If $$D=\mathbb{R}$$, by neighbourhood $$B(x)$$ of $$x$$ we mean an open interval centred at $$x$$ of width $$2r$$ for some small $$r>0$$, i.e., $$(x-r, x+r)$$

(*) If $$D=\mathbb{R}^p$$ (for any $$p\ge 1$$), by neighbourhood $$B(\mathbf{x})$$ of $$\mathbf{x}$$ we mean an open ball centred at $$\mathbf{x}^+$$ of some small radius $$r>0$$, i.e., $$\{\mathbf{y}: \|\mathbf{x}-\mathbf{y}\|<r\}$$ (read: the set of all the points with Euclidean distances to $$\mathbf{x}$$ less than $$r$$).

To avoid ambiguity, the “true” minimum (a point $${x}^*$$ such that $$f({x}^*)\le f({x})$$ for all $${x}\in D$$) is sometimes also referred to as a global minimum.

Of course, the global minimum is also a function’s local minimum.

The existence of local minima is problematic as most of the optimisation methods might get stuck there and fail to return the global one.

Moreover, we cannot often be sure if the result returned by an algorithm is indeed a global minimum. Maybe there exists a better solution that hasn’t been considered yet?

Smooth vs non-smooth vs noisy objectives:

### 6.1.4 Example Objective over a 2D Domain

Of course, our objective function does not necessarily have to be defined over a one-dimensional domain.

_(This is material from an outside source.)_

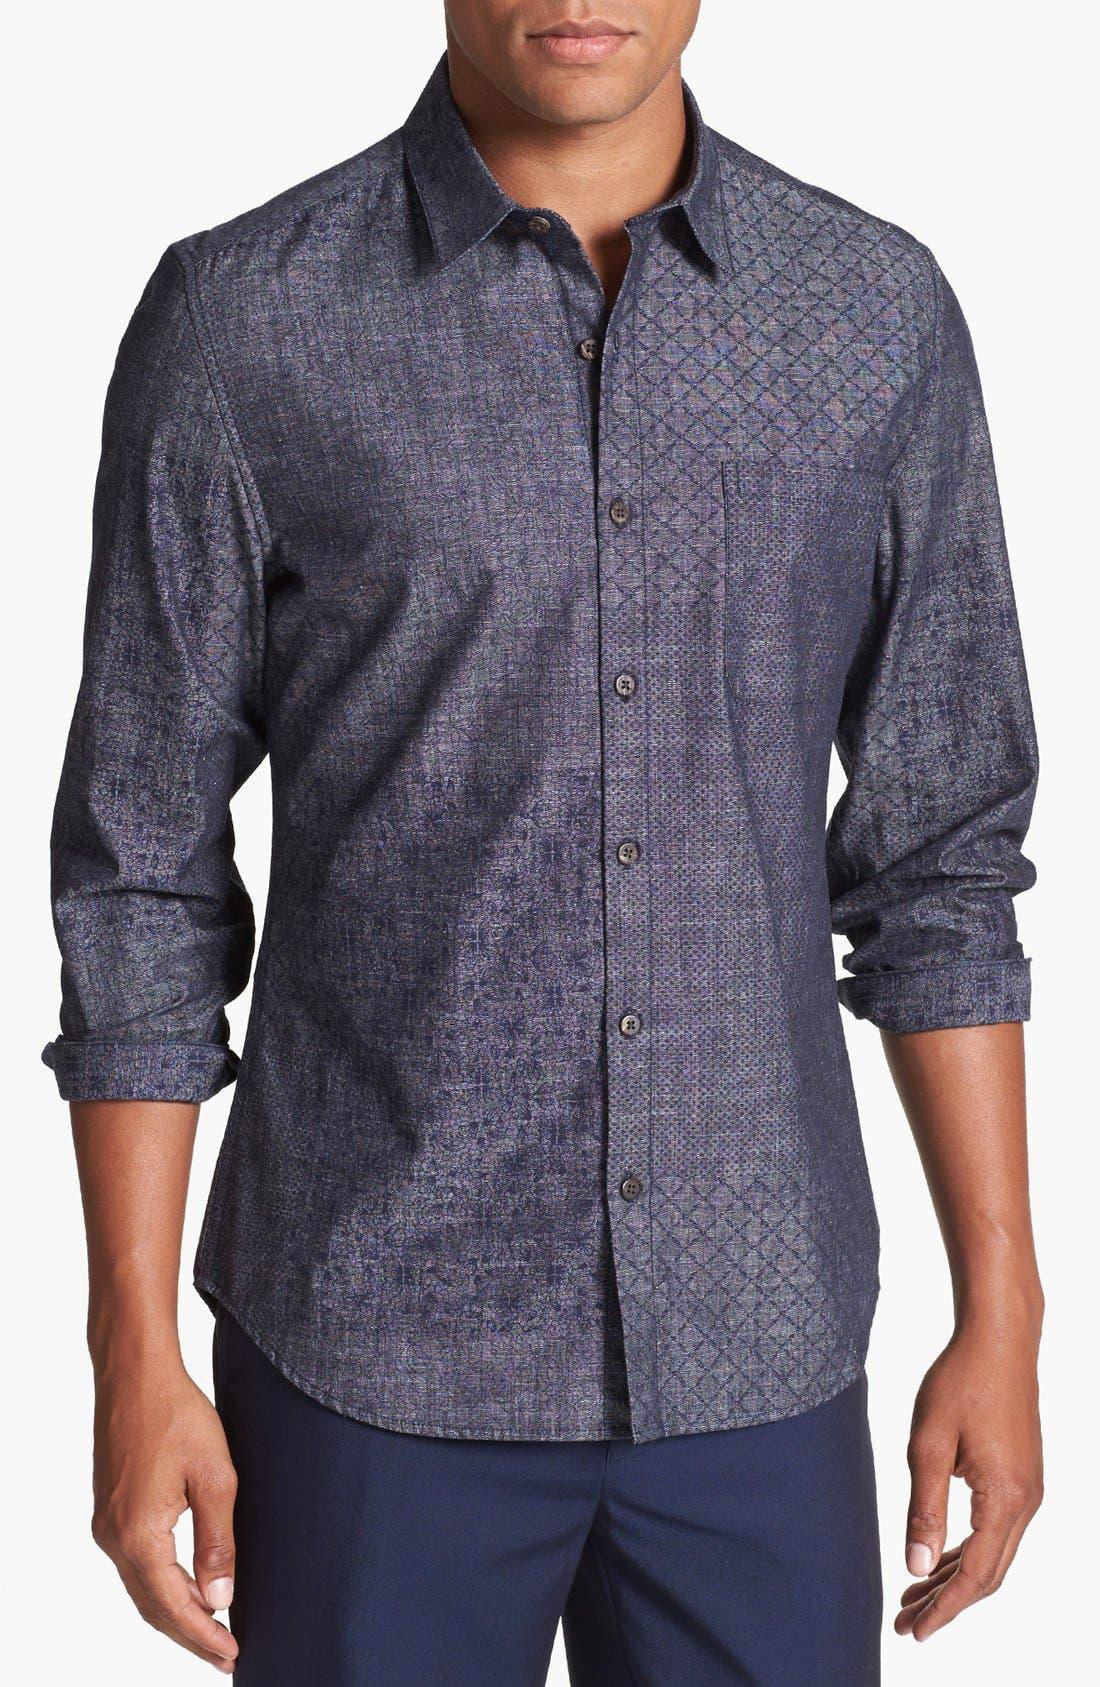 Alternate Image 1 Selected - Topman Mix Print Pattern Chambray Shirt

For example, consider the following function: $g(x_1,x_2)=\log\left((x_1^{2}+x_2-5)^{2}+(x_1+x_2^{2}-3)^{2}+x_1^2-1.60644\dots\right)$

g  <- function(x1, x2)
log((x1^2+x2-5)^2+(x1+x2^2-3)^2+x1^2-1.60644366086443841)
x1 <- seq(-5, 5, length.out=100)
x2 <- seq(-5, 5, length.out=100)
# outer() expands two vectors to form a 2D grid
# and applies a given function on each point
y  <- outer(x1, x2, g)

There are four local minima:

x1 x2 f(x1,x2)
2.278005 -0.6134279 1.3564152
-2.612316 -2.3454621 1.7050788
1.798788 1.1987929 0.6954984
-1.542256 2.1564053 0.0000000

The global minimum is at $$(x_1^*, x_2^*)$$ as below:

g(-1.542255693195422641930153, 2.156405289793087261832605)
## [1] 0

Let’s explore various ways of depicting $$f$$.

A contour plot:

contour(x1, x2, y, las=1, nlevels=25)
points(-1.54226, 2.15641, col=2, pch=3)

A filled contour plot (a heatmap):

filled.contour(x1, x2, y, las=1)

Alternatively:

image(x1, x2, y, las=1)
contour(x1, x2, y, add=TRUE)

A perspective plot:

par(mfrow=c(1,2)) # 2 in 1
persp(x1, x2, y, las=1, phi=30, theta=-5, shade=2, border=NA)
persp(x1, x2, y, las=1, phi=30, theta=75, shade=2, border=NA)

As usual, depicting functions that are defined over high-dimensional (3D and higher) domains is… difficult. Usually 1D or 2D projections can give us some neat intuitions though.